感情を消して対応を……ぬるぬるさんを奥に運ぶために手で掴み、かけて逃げ出した!!
ふははははははははははははは!! 勝った!! 余の勝利だ!! 俺の完全勝利だ!!
「ティータちゃんのお父さん。五匹ほど置いていきますんで、後はおねがいしますねー?」
「おう、任せておいてくれ。キッチリと捌き方を教えておくからよ!! あと、仕置きもな」
流石はティータちゃんのお父さんだ。娘にも全く容赦が無い。
容赦なんてしてたら、冒険者ギルドのマスターとして育たないんだよ。
ちなみに、冒険者ギルドに持ち込まれた魔物は基本的にギルド内で解体される。解体も一つの作業であり無料ではないからだ。

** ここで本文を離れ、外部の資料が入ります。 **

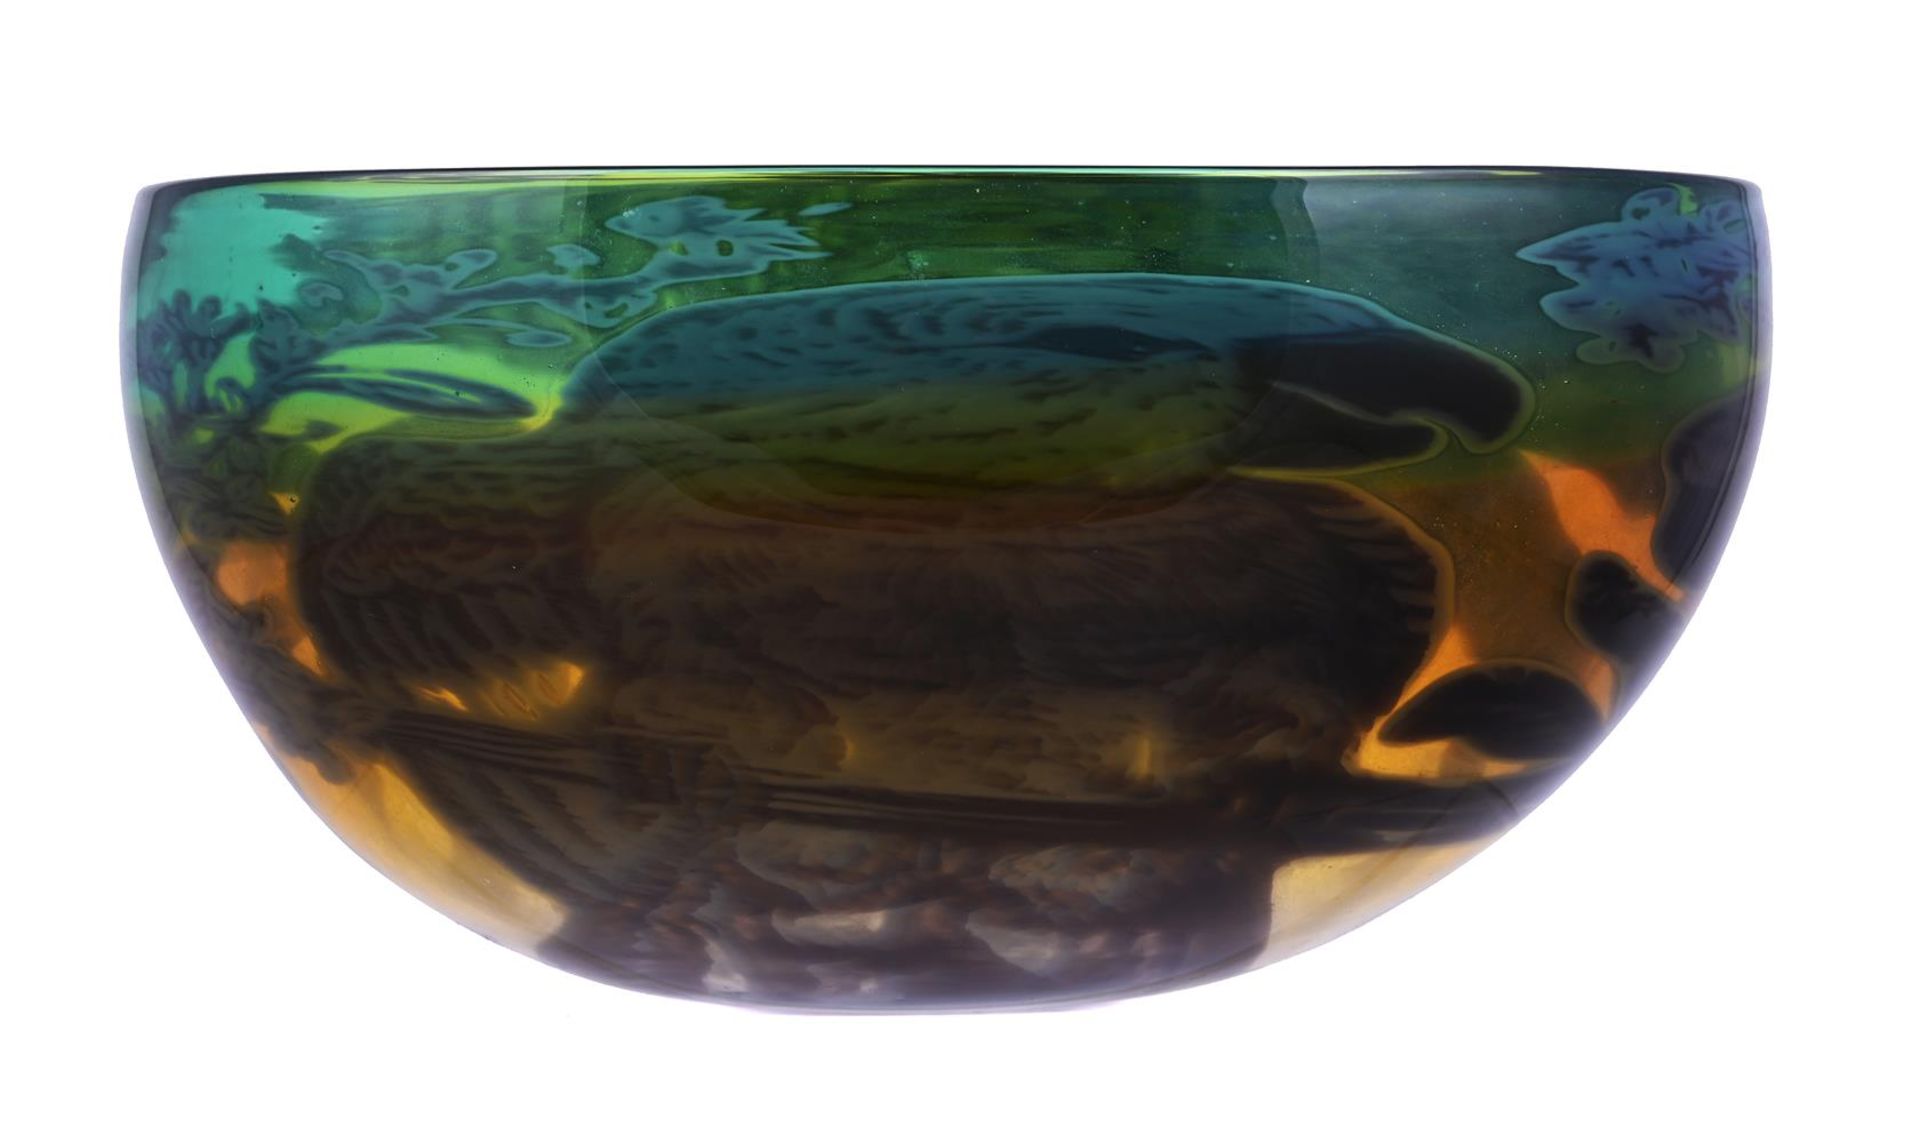 λ HELEN MILLARD, A CASED GLASS BOWL - Image 2 of 2

特殊すぎる素材。フグ……などは、専門の業者にそのまま卸されるらしいが。
冒険者の夢見亭。十二歳の少女がマスターを勤める冒険者ギルド。
そうでありながらあらゆる魔物に精通し、あらゆる魔物の解体を行なう。さすがはファンタジー世界だね。なんて簡単な話しじゃないんだろう。必死の努力の末のティータ先生だ。
これからも頼りにさせてもらいますよ。……それでは、あと十匹ほどぬるぬるを追加しておきますねー?